Neither the Court nor Congress has the time and the technical know-how to look
into this matter.
c. Section 4(e) of Presidential Decree No. 538, gives PIA the legal authority to
construct, operate and maintain port facilities including stevedoring and port
terminal services even without PPA’s authority. The MOA granting PIA the exclusive
control and supervision of all ports, wharves, piers and services within the
industrial area, recognizing its power to collect port fees, dues and charges, makes
PIA’s authority over MCT operations more secure.
d. After the two public biddings failed, PIA was left with no other option but to
take over MCT operations so that it could earn, pending the award to a qualified
bidder, some amount to pay the loan to JBIC and to avoid being declared in default.
e. During the September 27, 2004 hearing before the CA-Mindanao, Atty. Raul
Ragandang of PIA said that Phividec will not permanently engage in cargo-handling
considering that it has no capacity to operate MCT.
f. Oroport is estopped from questioning PIA’s authority because it participated
in the two public biddings. As a cargo-handling contractor, it is not a real party-in-
interest in this case as only PPA may protest PIA’s operation of MCT. Even assuming
that Oroport is a real party-in-interest, it is not entitled to an injunction as the
alleged damage or threat of damage is speculative and factually baseless.
g. Oroport failed to convince the SC that it has a clear and actual right to be
enforced and protected.
i. Oroport has no right to manage MCT since it has no contractual relations
with PIA, Phividec or PPA. It has no statutory grant of authority. Clearly, it has no
right in esse to be protected by an injunctive writ.
ii. Even if Oroport won the public bidding and obtained an exclusive contract
for port operations at MCT, it has no vested right to operate MCT because contract
clauses are not inflexible barriers to public regulations.

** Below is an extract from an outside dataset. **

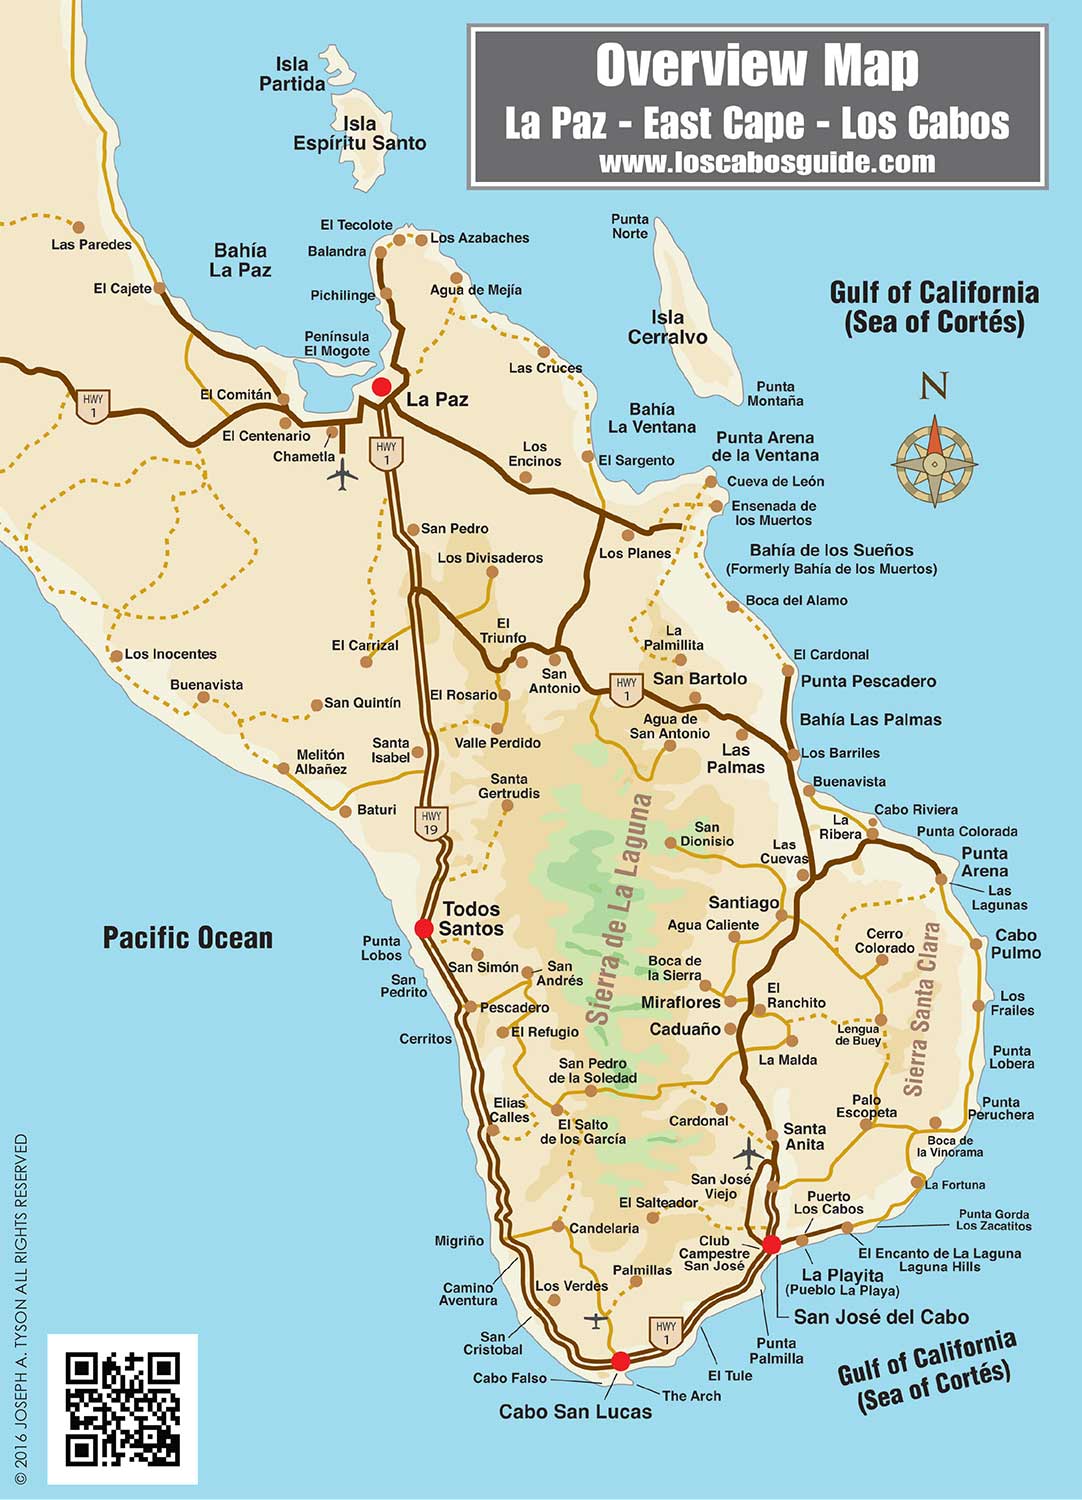 Baja California Sur trail routes

1. Business permits may be terminated by authorities any time based on policy
guidelines and statutes because what is given is not a property right but a mere
privilege.
2. The law authorizing PPA to take over arrastre and stevedoring services in
government-owned ports and cancel permits issued to private operators is a valid
exercise of police power; it does not violate due process of law as the exercise of
police power is paramount over the right against non-impairment of contracts.

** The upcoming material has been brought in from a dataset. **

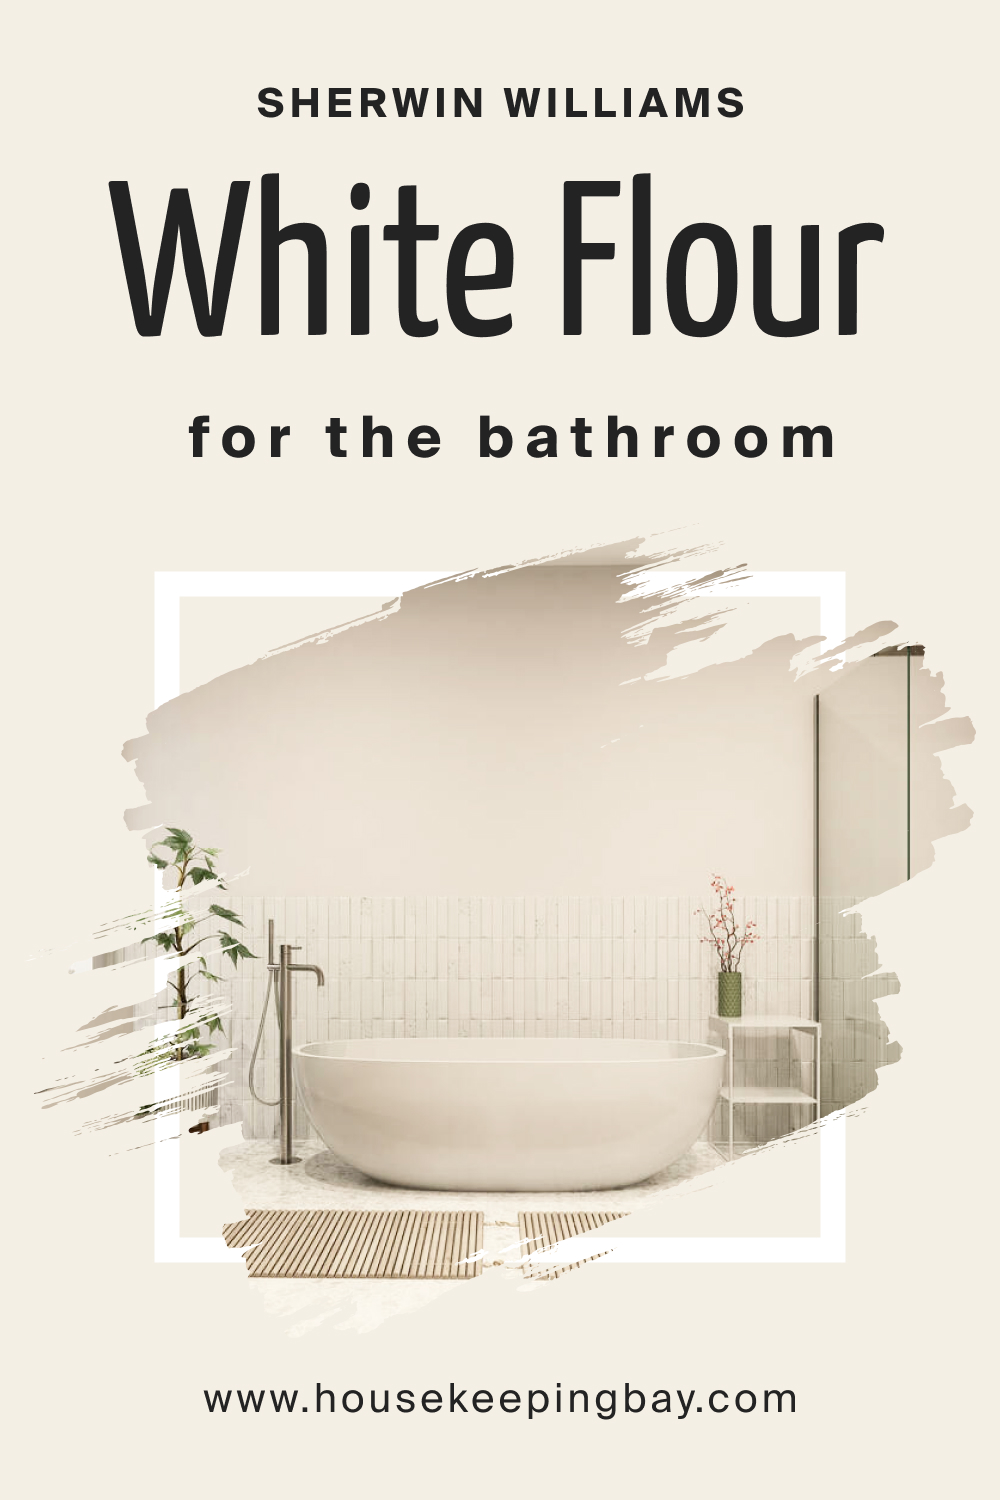 Sherwin Williams. SW White Flour in the Bathroom

3. Moreover, a regulated monopoly is not proscribed in industries affected with
public interest such as in port rendition of arrastre/stevedoring services in
Philippine ports.
h. Oroport’s allegation of unfair competition also fails because private
monopolies are not necessarily prohibited by the Constitution. Certain public
utilities must be given franchises for public interest and these franchises do not
violate the law against monopolies. PIA’s policy decision to handle the cargo
operation itself enjoys presumption of regularity as it did not violate any relevant
law, rules, regulations, ordinance or issuances in so doing. Even so, there is no unfair
competition as PIA (1) is not a competitor of Oroport; (2) imposes the same tariff
rates as Oroport; and (3) is operating in an entirely separate and distinct port
i. MCT is not exclusive to the industrial estate locators as the feasibility study
of MCT prepared by PIA and approved by the National Economic Development
Authority emphasized that MCT will cater not only to locator firms but also to
outside clients and prospective users. Addressing CDOIP congestion, MCT is
beneficial to shipping lines and the general public.

Judgment: CA affirmed. Petition denied.